Island off the coast of Jamaica

Great Goat Island is a cay located less than a mile off the coast of Jamaica, southwest of the Hellshire Hills. It is part of Saint Catherine Parish. Along with Little Goat Island located northwest of it, these two cays make up the Goat Islands, which are within the Portland Bight Protected Area.

The Spanish, who occupied Jamaica from the fifteenth century, used the Goat Islands as a part of their defence system:

"Don Fernando Melgarejo deCordova, Your Governor of the island of Jamaica,... On the 15th March [1598] after having driven from the port a hulk and tender of corsairs, he had information that they were three leagues outside the port at a Cay called "The Goats", and crews from the vessels, on the shore cutting Brazil wood and loading it. He went personally in two boats to disembark in some mangrove thickets and swamps, because the port was occupied, and so as not to be detected he went at midnight and supplied the people, at his own expense, with arms and munitions and provisions; and, in an ambuscade that he made, he captured and killed many with great risk to his person on account of the pieces of artillery they discharged."

According to the records of Jamaican land grants and patents, the cays were in the hands of private owners for several centuries after the arrival of the English in the 17th century.

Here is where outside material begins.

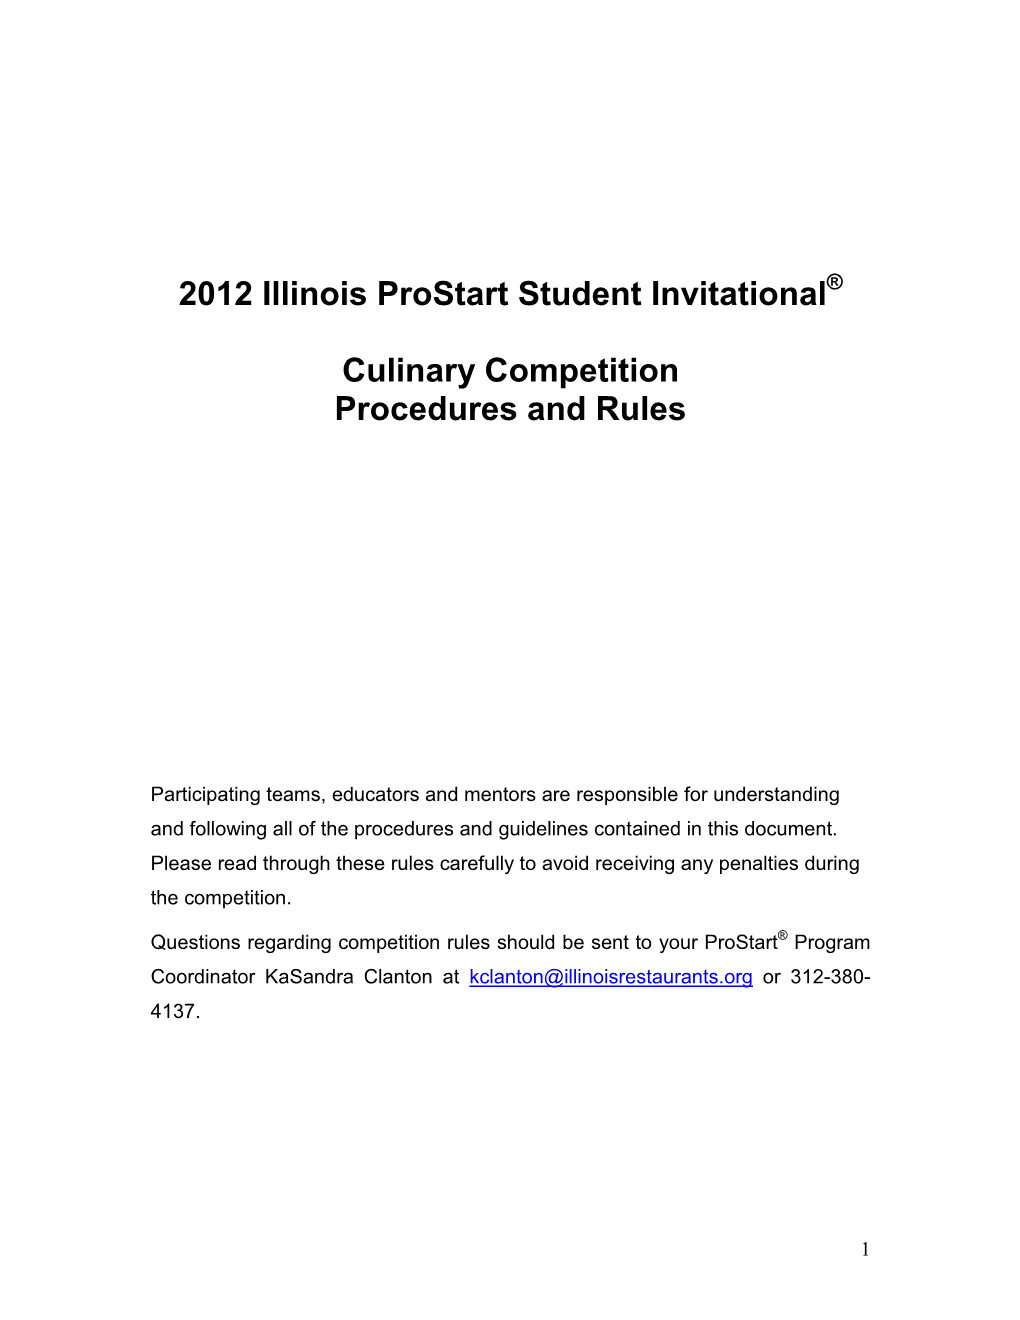 Culinary Competition Procedures and Rules

Most notable of these was Sir Thomas Lynch, a governor of Jamaica, who owned the islands from 1682-1684.

According to the Morning Journal, April 16, 1838: "All that valuable and extensive run of land, called Great Goat Island, containing about 1,500 acres, all in heavy wood, upwards of 30 years growth. The above run of land not only abounds in the best hardwood timbers, but also a great quantity of limestone of superior quality; and as a fishing station, Spanish Town and its vicinity is chiefly and abundantly supplied there from."

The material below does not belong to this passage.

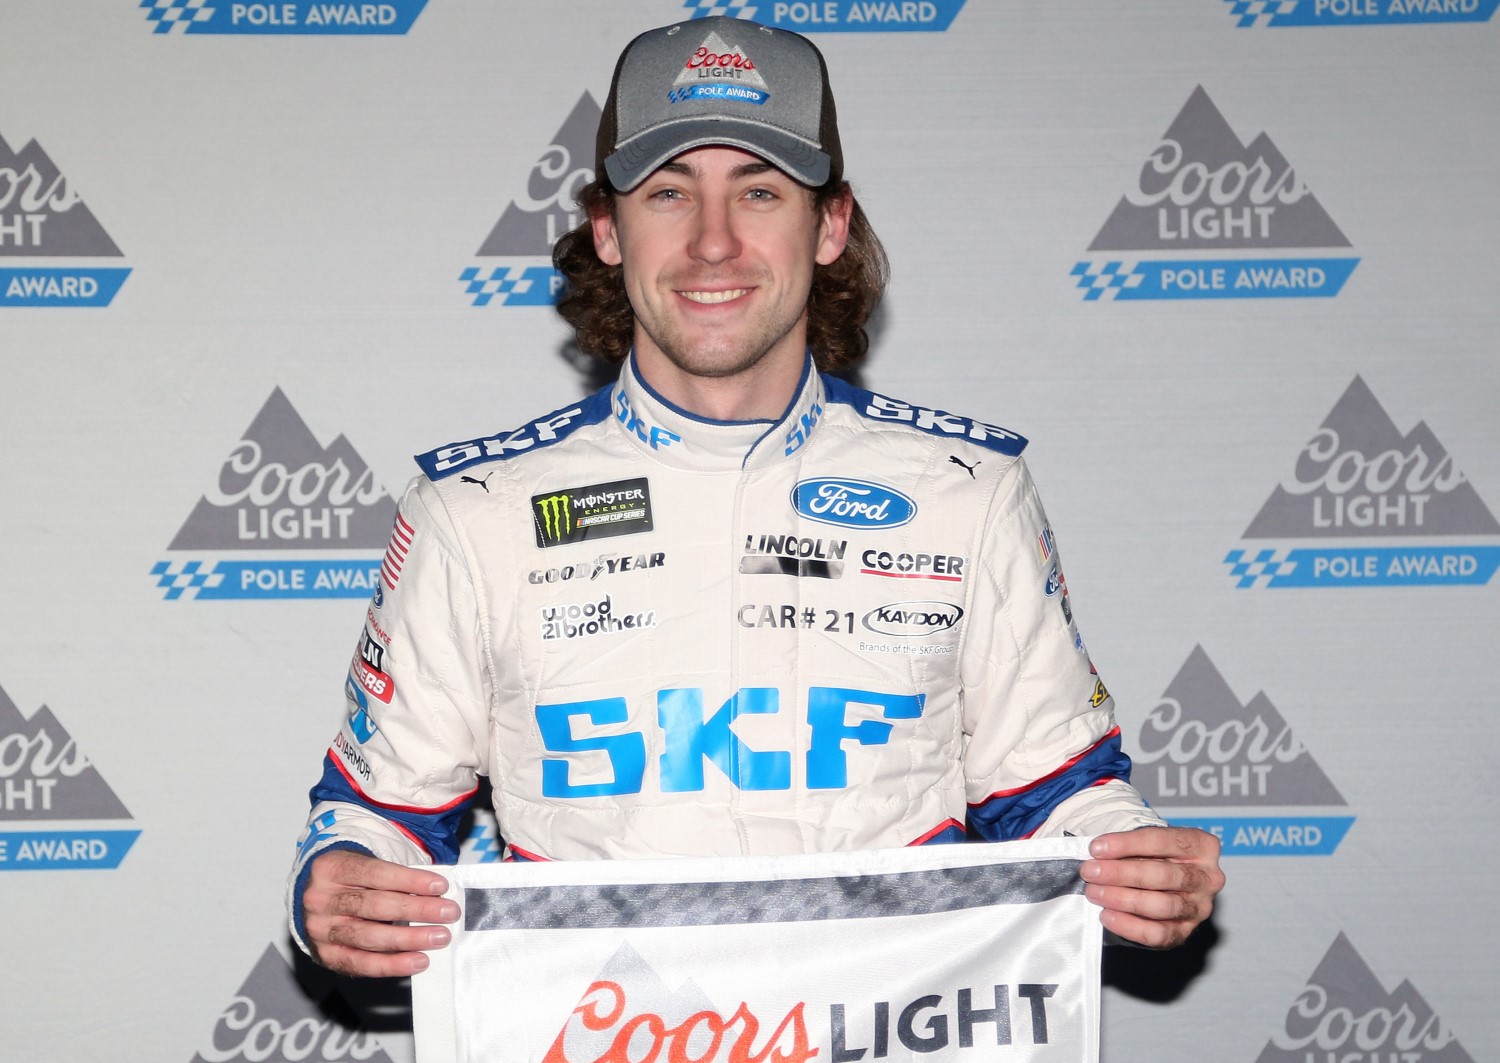 The Coors Light Pole award is back

During WWII, an agreement between the UK and the US saw the islands converted to a US naval and air base.

These cays were previously home to the Jamaican Iguana until the 1940s, when the population was thought to have become extinct, mainly due to predation by introduced small Indian mongooses and habitat alteration by feral goats.

The island, as of September 2013, was being considered as the base for a Chinese funded transhipment hub. Since then the Jamaican government has committed to establish the Goat Islands as a conservation sanctuary.